> **TASK OBJECTIVE**
Your response should be the listing below, repeated exactly and in full.

> **LISTED ENTRIES**
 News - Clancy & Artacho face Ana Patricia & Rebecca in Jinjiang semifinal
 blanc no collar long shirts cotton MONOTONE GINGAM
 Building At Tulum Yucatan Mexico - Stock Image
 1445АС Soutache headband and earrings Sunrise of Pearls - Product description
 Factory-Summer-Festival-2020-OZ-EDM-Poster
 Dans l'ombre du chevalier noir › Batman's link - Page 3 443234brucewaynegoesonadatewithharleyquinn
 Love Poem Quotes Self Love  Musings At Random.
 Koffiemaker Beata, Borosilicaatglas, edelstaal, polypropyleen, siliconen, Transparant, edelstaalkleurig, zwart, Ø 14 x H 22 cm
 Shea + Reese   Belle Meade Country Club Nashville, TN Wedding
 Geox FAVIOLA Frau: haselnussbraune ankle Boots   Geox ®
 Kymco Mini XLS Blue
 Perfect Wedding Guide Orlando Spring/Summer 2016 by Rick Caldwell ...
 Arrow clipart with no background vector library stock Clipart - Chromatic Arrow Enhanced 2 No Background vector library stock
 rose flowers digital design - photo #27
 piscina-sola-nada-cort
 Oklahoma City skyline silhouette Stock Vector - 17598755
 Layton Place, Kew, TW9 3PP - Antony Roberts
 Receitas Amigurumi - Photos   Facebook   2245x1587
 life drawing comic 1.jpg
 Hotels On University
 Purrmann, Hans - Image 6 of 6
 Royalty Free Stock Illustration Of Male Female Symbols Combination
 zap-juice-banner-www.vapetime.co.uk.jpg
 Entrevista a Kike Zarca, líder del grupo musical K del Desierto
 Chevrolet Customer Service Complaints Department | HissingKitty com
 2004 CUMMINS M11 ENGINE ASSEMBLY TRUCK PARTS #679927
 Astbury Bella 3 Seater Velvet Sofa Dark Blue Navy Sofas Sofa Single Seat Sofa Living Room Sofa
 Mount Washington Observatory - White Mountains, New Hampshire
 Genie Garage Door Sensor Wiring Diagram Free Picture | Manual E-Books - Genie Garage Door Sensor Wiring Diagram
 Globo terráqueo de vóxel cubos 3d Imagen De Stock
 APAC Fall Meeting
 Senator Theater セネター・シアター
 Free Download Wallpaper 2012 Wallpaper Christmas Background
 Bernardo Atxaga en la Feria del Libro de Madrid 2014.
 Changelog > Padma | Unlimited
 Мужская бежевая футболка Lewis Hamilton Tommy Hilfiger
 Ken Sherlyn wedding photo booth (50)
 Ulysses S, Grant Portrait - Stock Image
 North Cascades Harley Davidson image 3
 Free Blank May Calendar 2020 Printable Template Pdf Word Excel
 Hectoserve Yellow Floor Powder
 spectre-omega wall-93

> **EXERCISE RESPONSE**
 News - Clancy & Artacho face Ana Patricia & Rebecca in Jinjiang semifinal
 blanc no collar long shirts cotton MONOTONE GINGAM
 Building At Tulum Yucatan Mexico - Stock Image
 1445АС Soutache headband and earrings Sunrise of Pearls - Product description
 Factory-Summer-Festival-2020-OZ-EDM-Poster
 Dans l'ombre du chevalier noir › Batman's link - Page 3 443234brucewaynegoesonadatewithharleyquinn
 Love Poem Quotes Self Love  Musings At Random.
 Koffiemaker Beata, Borosilicaatglas, edelstaal, polypropyleen, siliconen, Transparant, edelstaalkleurig, zwart, Ø 14 x H 22 cm
 Shea + Reese   Belle Meade Country Club Nashville, TN Wedding
 Geox FAVIOLA Frau: haselnussbraune ankle Boots   Geox ®
 Kymco Mini XLS Blue
 Perfect Wedding Guide Orlando Spring/Summer 2016 by Rick Caldwell ...
 Arrow clipart with no background vector library stock Clipart - Chromatic Arrow Enhanced 2 No Background vector library stock
 rose flowers digital design - photo #27
 piscina-sola-nada-cort
 Oklahoma City skyline silhouette Stock Vector - 17598755
 Layton Place, Kew, TW9 3PP - Antony Roberts
 Receitas Amigurumi - Photos   Facebook   2245x1587
 life drawing comic 1.jpg
 Hotels On University
 Purrmann, Hans - Image 6 of 6
 Royalty Free Stock Illustration Of Male Female Symbols Combination
 zap-juice-banner-www.vapetime.co.uk.jpg
 Entrevista a Kike Zarca, líder del grupo musical K del Desierto
 Chevrolet Customer Service Complaints Department | HissingKitty com
 2004 CUMMINS M11 ENGINE ASSEMBLY TRUCK PARTS #679927
 Astbury Bella 3 Seater Velvet Sofa Dark Blue Navy Sofas Sofa Single Seat Sofa Living Room Sofa
 Mount Washington Observatory - White Mountains, New Hampshire
 Genie Garage Door Sensor Wiring Diagram Free Picture | Manual E-Books - Genie Garage Door Sensor Wiring Diagram
 Globo terráqueo de vóxel cubos 3d Imagen De Stock
 APAC Fall Meeting
 Senator Theater セネター・シアター
 Free Download Wallpaper 2012 Wallpaper Christmas Background
 Bernardo Atxaga en la Feria del Libro de Madrid 2014.
 Changelog > Padma | Unlimited
 Мужская бежевая футболка Lewis Hamilton Tommy Hilfiger
 Ken Sherlyn wedding photo booth (50)
 Ulysses S, Grant Portrait - Stock Image
 North Cascades Harley Davidson image 3
 Free Blank May Calendar 2020 Printable Template Pdf Word Excel
 Hectoserve Yellow Floor Powder
 spectre-omega wall-93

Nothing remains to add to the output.